As shown in FIG. 10 , it was also confirmed that the MOF could be more firmly sintered by including the silica b1 in the MOF sintered body X in an amount of 2% by weight or more relative to the MOF. Therefore, the MOF sintered body X according to the present embodiment containing 2% by weight or more of the silica b1 allows the MOF to be more firmly sintered. In addition, since the silica b1 is contained in an amount of 8% by weight or less, a decrease in a heat storage density of the MOF sintered body due to excessive silica b1 can be prevented.
The heat storage system 20 including the MOF sintered body X is installed in the electric-powered vehicle 100 and configured to exchange heat with the battery 30 supplying electric power to the driver 40 in the electric-powered vehicle 100. Therefore, a temperature of the battery 30 installed in the electric-powered vehicle 100 can be controlled using the MOF sintered body X.
In the sintering step S4, as mentioned above, the slurry is preferably heated at 120° C. or less. In fact, the MOF sintered body X can be produced without damaging the MOF having low heat resistance by heating at 120° C. or less.

Modified Embodiment

The above-mentioned embodiment can be, for example, modified as mentioned below. As mentioned above, the above embodiment is considered to exert its effects by a combination of the terephthalic acid-based ligand Tp with the hydroxy group OH. Therefore, the MOF may be changed to a MOF having a terephthalic acid-based ligand other than the MIL 101. The binder can also be changed to a binder having a hydroxy group other than the silica.
For example, when sufficient bending strength can be achieved even at an amount of the silica b1 of less than 2% by weight in the MOF sintered body X, the silica b1 may be contained in an amount of less than 2% by weight relative to the MOF.
The battery 30 and the heat storage system 20 may be installed in a moving body other than the electric-powered vehicle 100, for example, a ship, a drone, etc., or in a fixed body. The heat storage system 20 may be installed in those other than the battery 30, for example, various circuits that generate a large amount of heat.
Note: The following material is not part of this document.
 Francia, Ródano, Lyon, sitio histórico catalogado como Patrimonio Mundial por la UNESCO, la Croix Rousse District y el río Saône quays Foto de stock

EXPLANATION OF REFERENCE NUMERALS

- 20 Heat storage system
- 30 Battery
- 40 Driver
- 100 Electric-powered vehicle as moving body
- b1 Silica as binder having hydroxy group
- S1 Substep of slurry producing step
- S2 Substep of slurry producing step
- S3 Substep of slurry producing step
- S4 Sintering step

Claims

What is claimed is:

1. A MOF sintered body comprising:

a MOF having a terephthalic acid-based ligand; and

a binder having a hydroxy group.

2. The MOF sintered body according to claim 1, wherein the binder is silica, and

the silica is contained in an amount of 2 to 8% by weight of the MOF.
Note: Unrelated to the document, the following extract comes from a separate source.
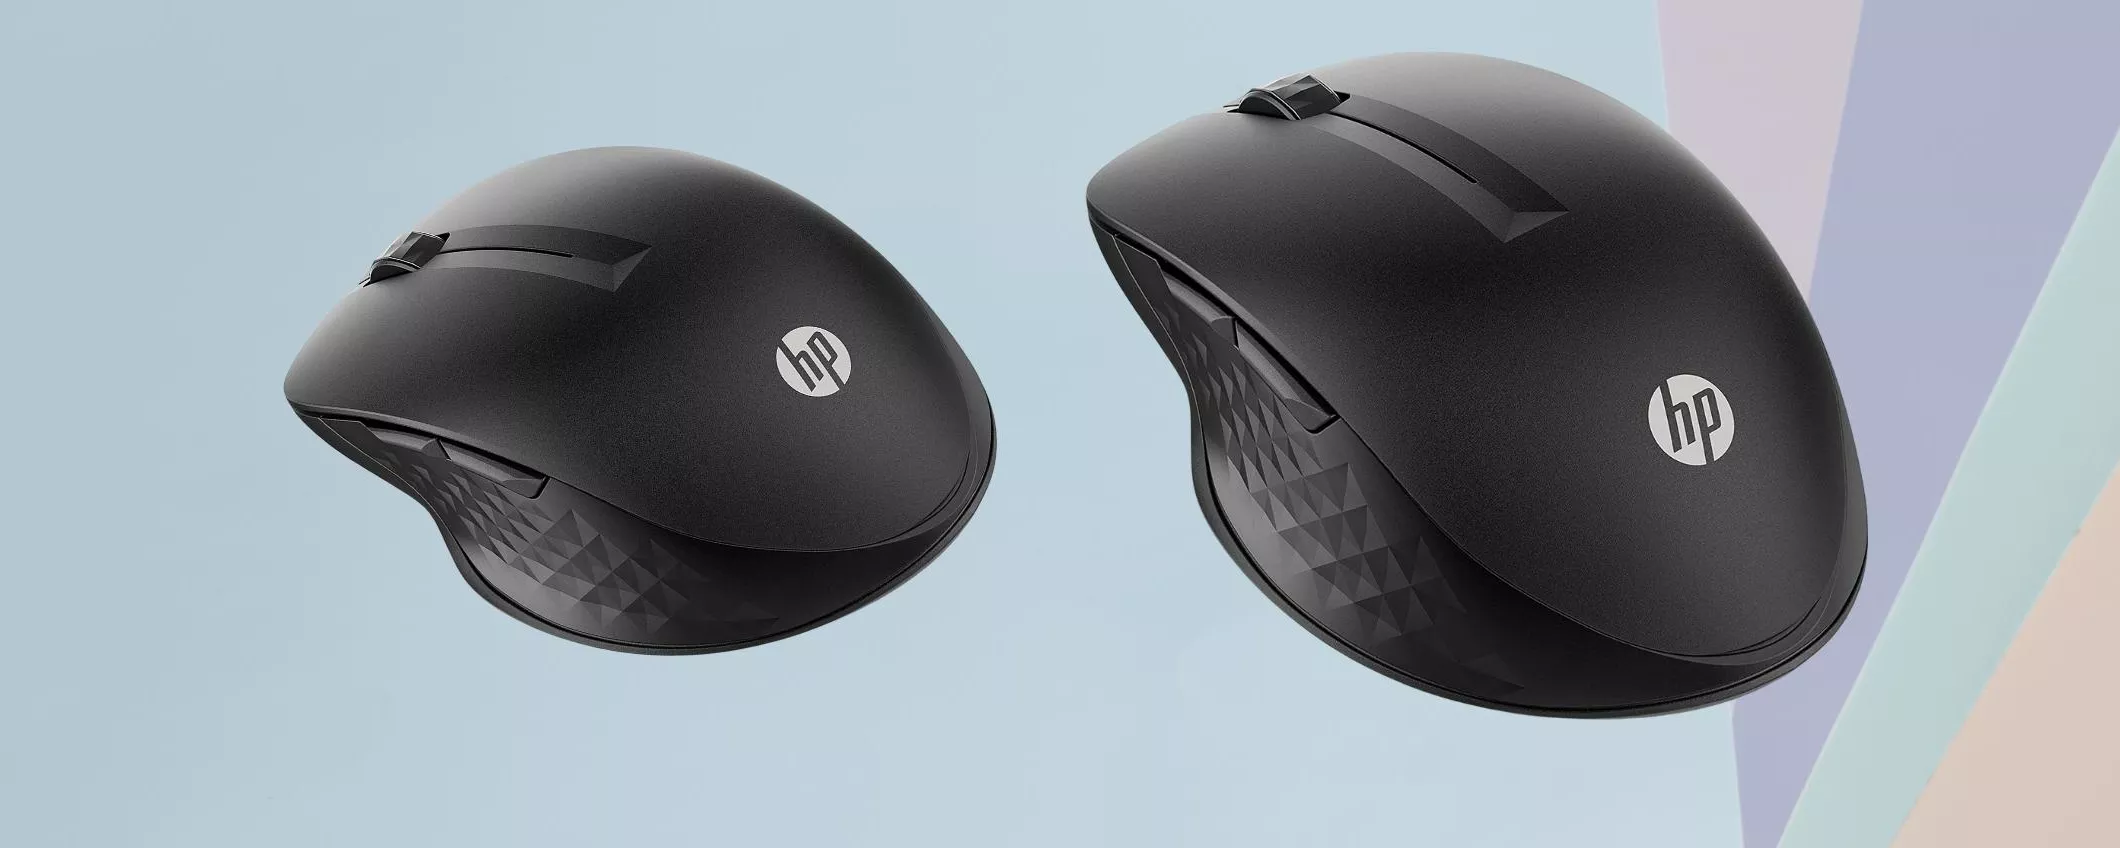 Mouse wireless HP, sia Bluetooth che 2.4Ghz con 4000DPI

3. The MOF sintered body according to claim 1, wherein the MOF sintered body is installed in a moving body and

is configured to exchange heat with a battery that supplies electric power to a driver that moves the moving body.

4. A method for producing a MOF sintered body, the method comprising:

producing a slurry that comprises a MOF having a terephthalic acid-based ligand and a binder having a hydroxy group; and

heating the slurry at 120° C. or less to thereby produce a MOF sintered body.